About this task → Take the lines from the one with "Designer Inspired Active" to the end of the listing, both ends included, and quote them exactly, leaving pictures out.

[Provided material — start]

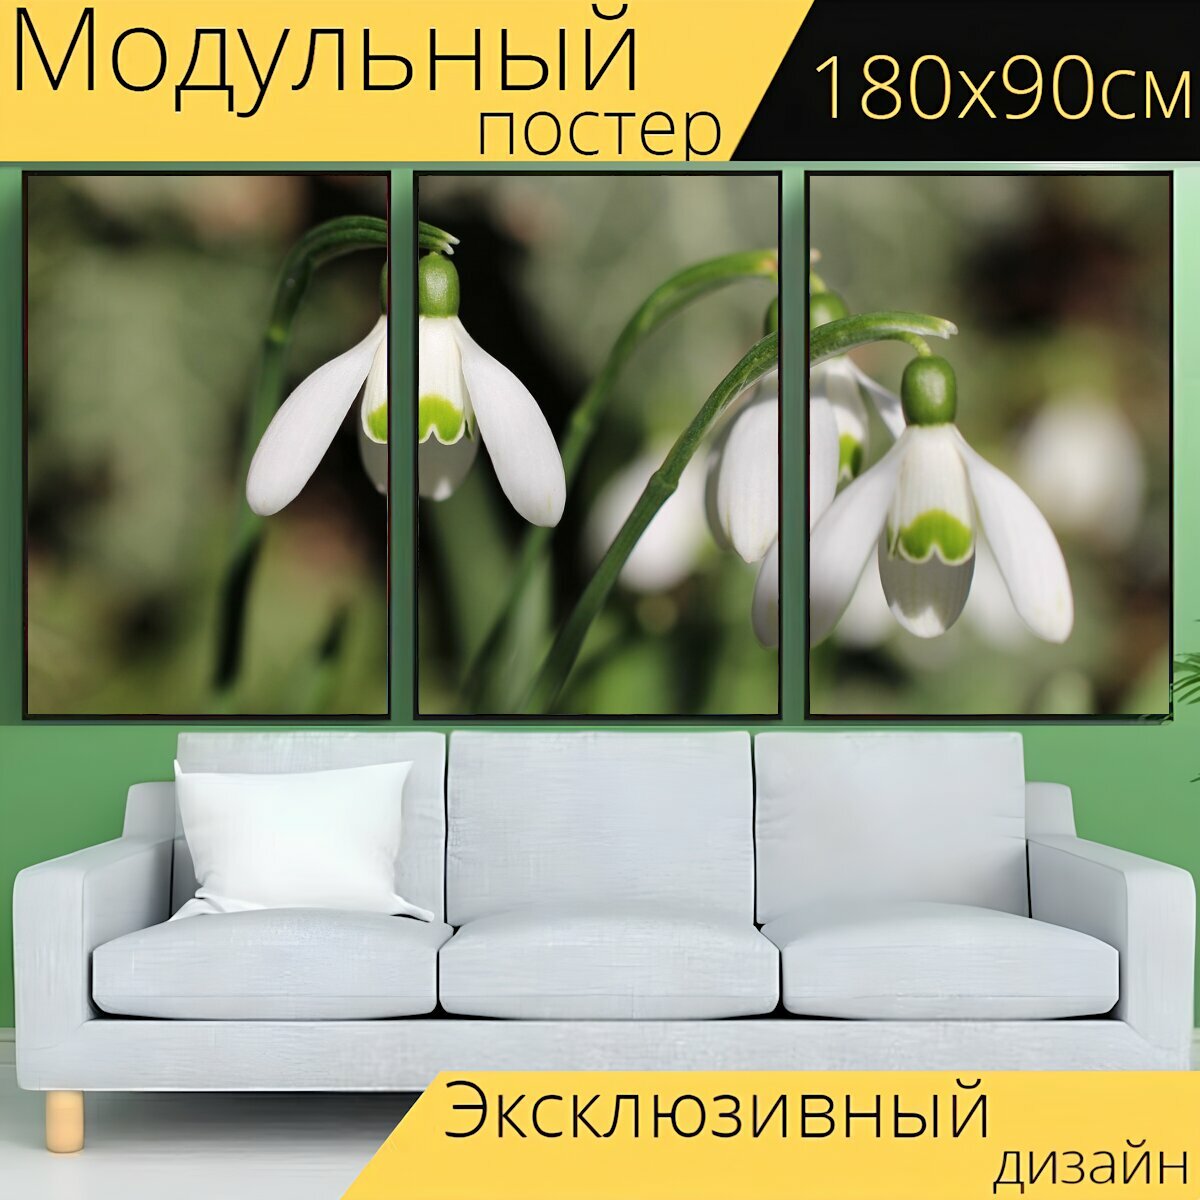 Модульный постер "Три, подснежник, весна" 180 x 90 см. для интерьера
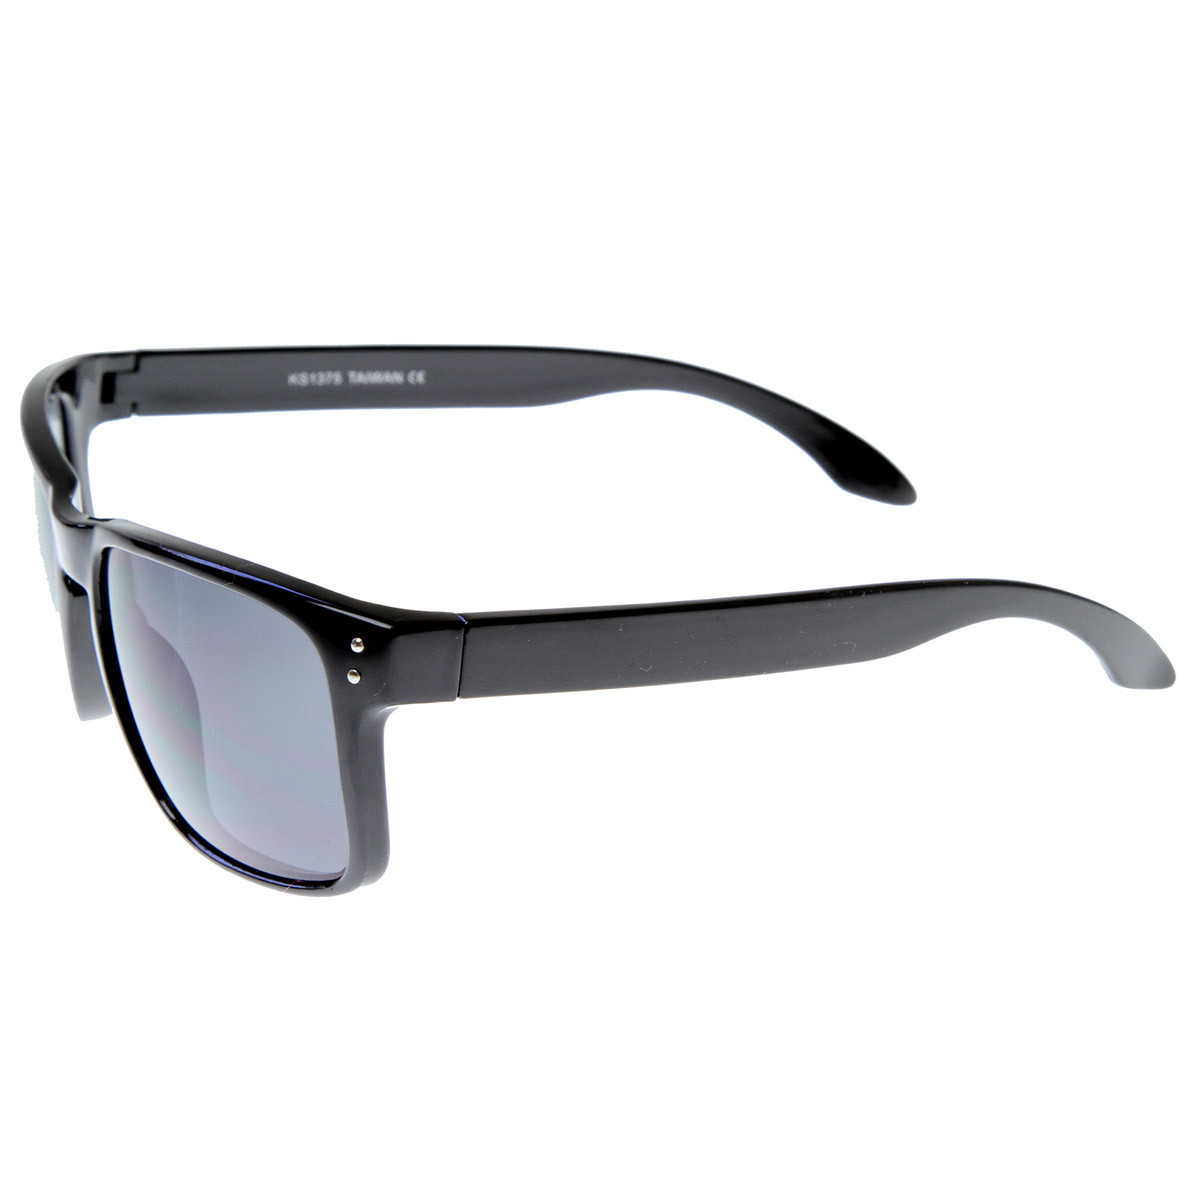 Designer Inspired Active Lifestyle Square Sunglasses With Keyhole Nose Bridge - Shiny Black
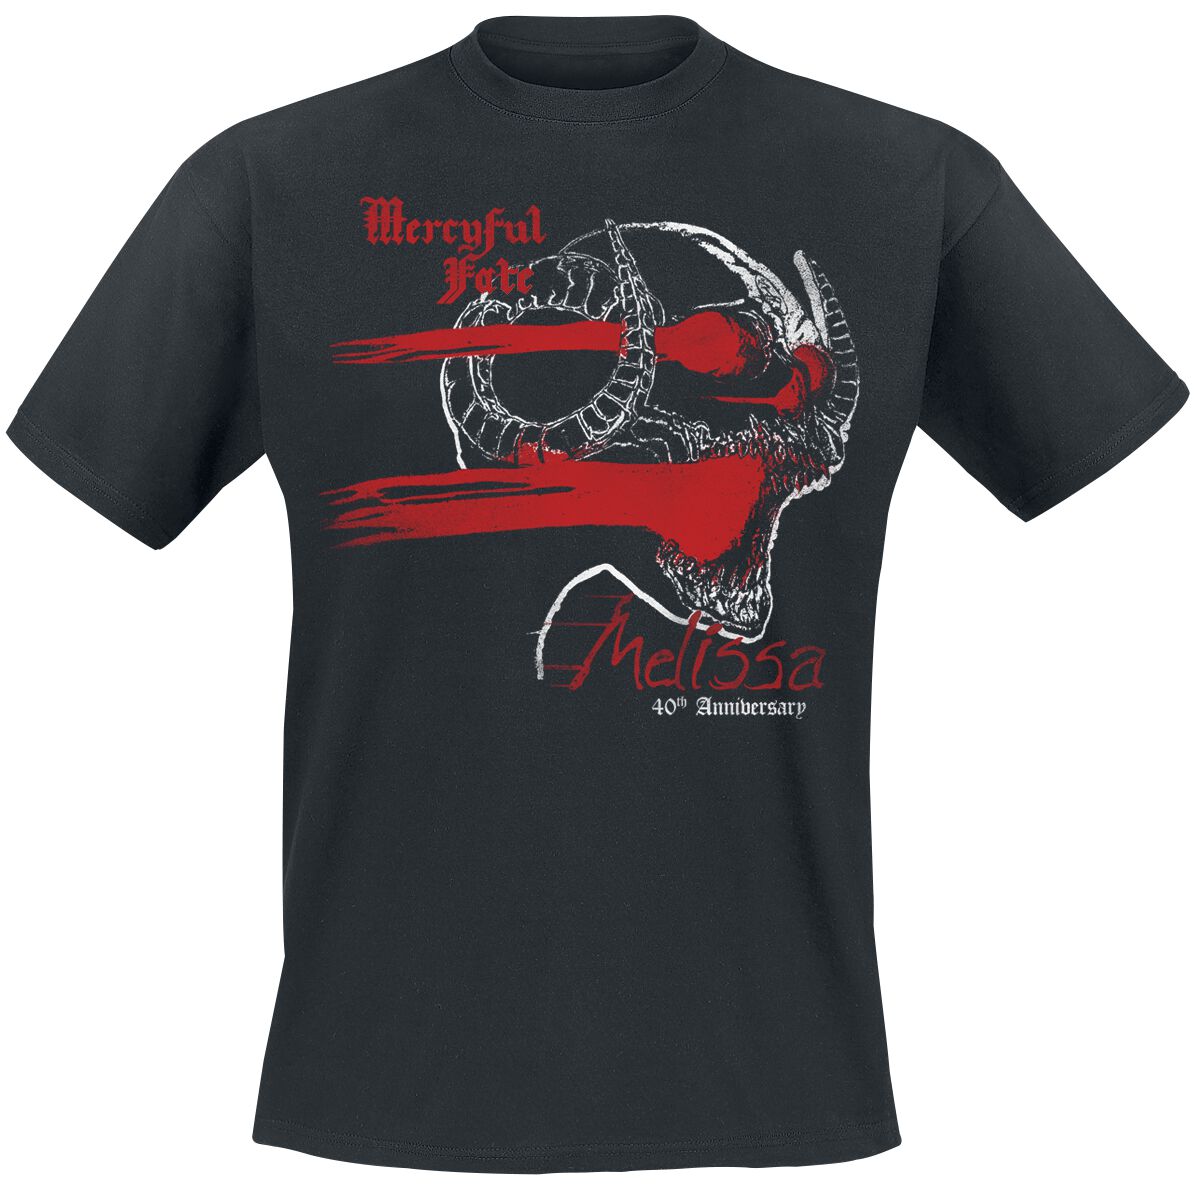 Mercyful Fate T-Shirt - Melissa 40th Anniversary Cross - M bis 3XL - für Männer - Größe M - schwarz  - Lizenziertes Merchandise!

[Provided material — finish]

Result for this exercise →
 Designer Inspired Active Lifestyle Square Sunglasses With Keyhole Nose Bridge - Shiny Black
 Mercyful Fate T-Shirt - Melissa 40th Anniversary Cross - M bis 3XL - für Männer - Größe M - schwarz  - Lizenziertes Merchandise!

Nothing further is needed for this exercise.